** DATA EXCERPT follows **
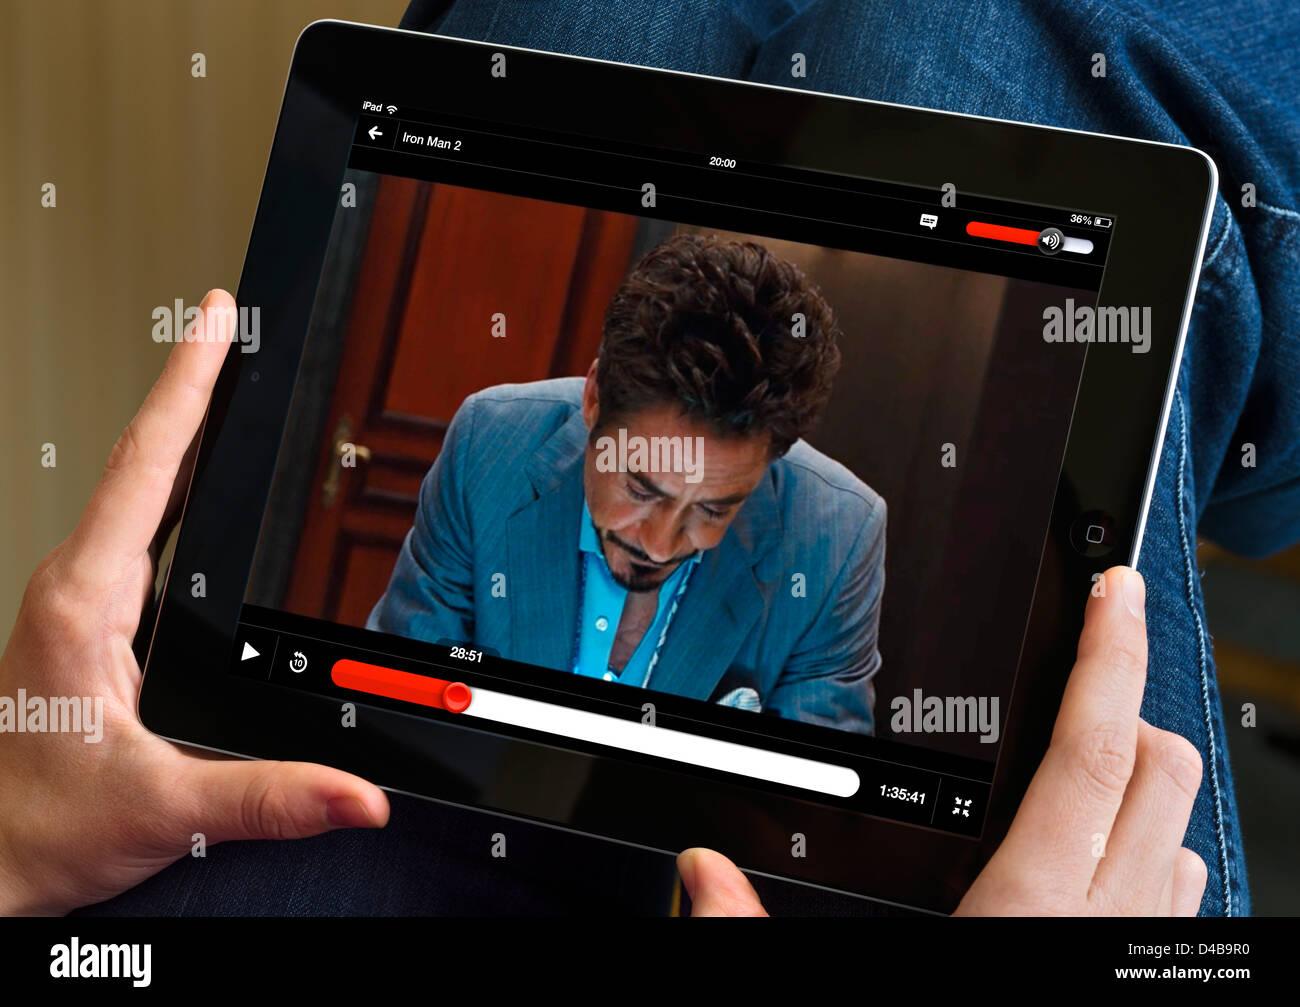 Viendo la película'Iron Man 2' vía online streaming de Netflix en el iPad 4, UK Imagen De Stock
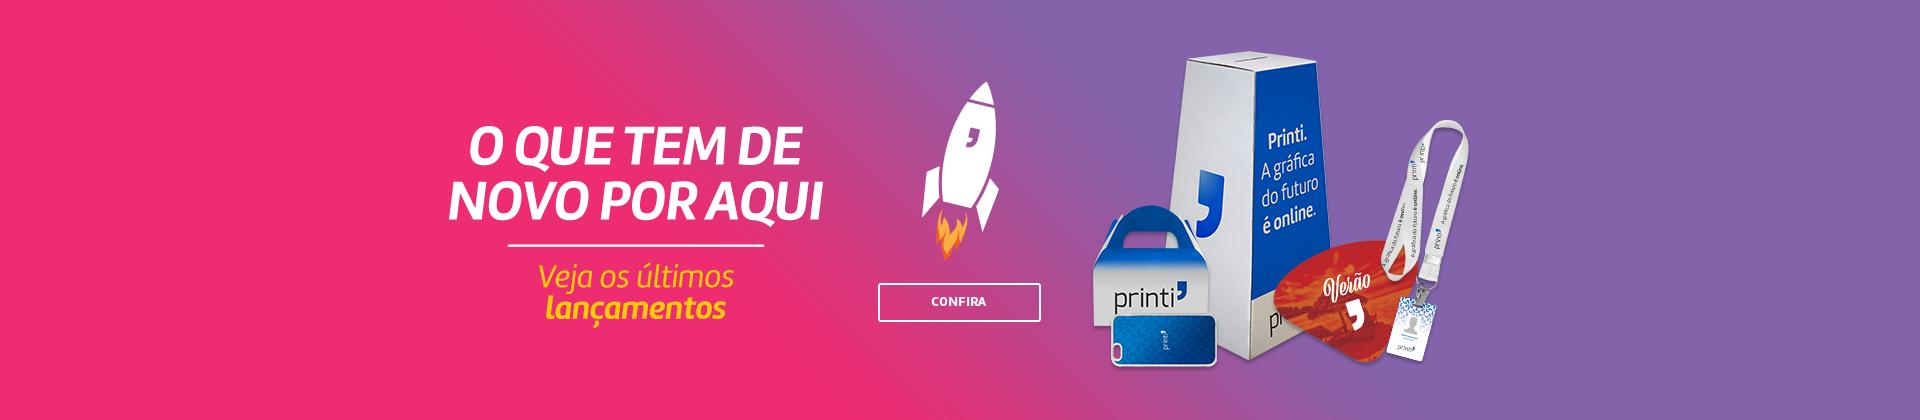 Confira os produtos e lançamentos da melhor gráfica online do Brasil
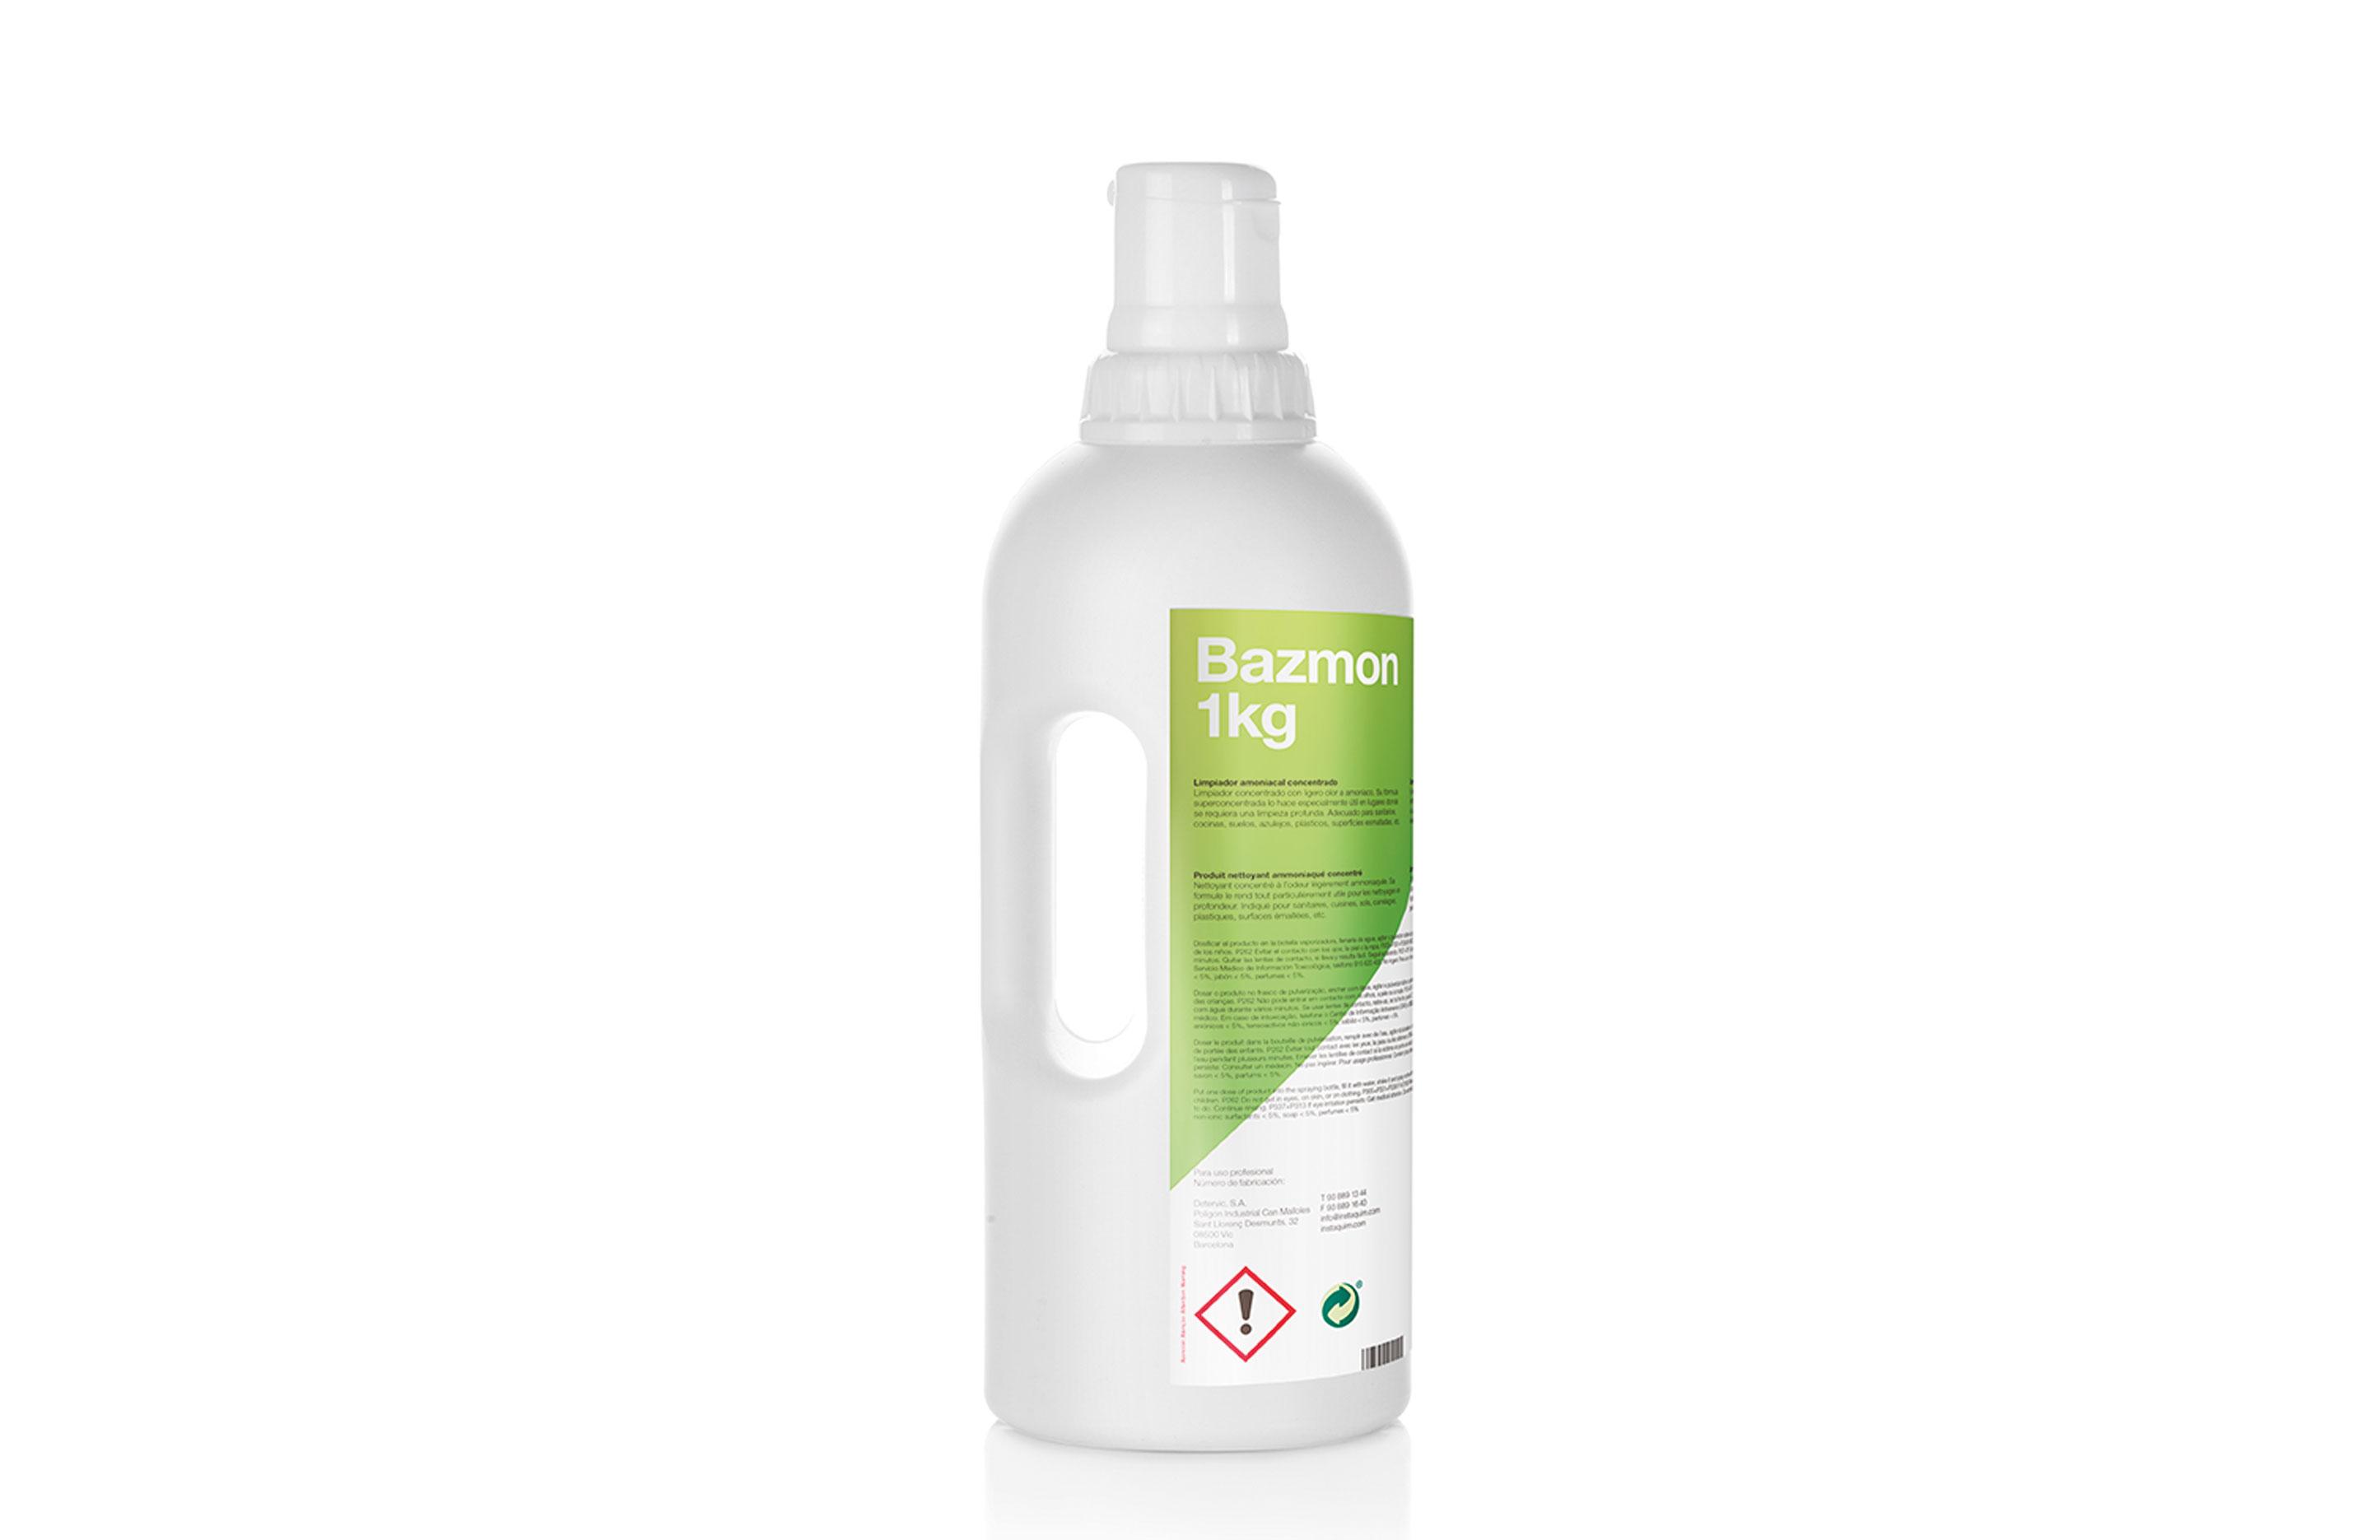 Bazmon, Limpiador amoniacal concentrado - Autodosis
** End of DATA EXCERPT **
WHAT TO WORK ON:
Starting at the line that holds "Confira os produtos", write out every remaining line of the material above exactly as it appears. Pictures should not be copied.

WRITTEN ANSWER:
 Confira os produtos e lançamentos da melhor gráfica online do Brasil
 Bazmon, Limpiador amoniacal concentrado - Autodosis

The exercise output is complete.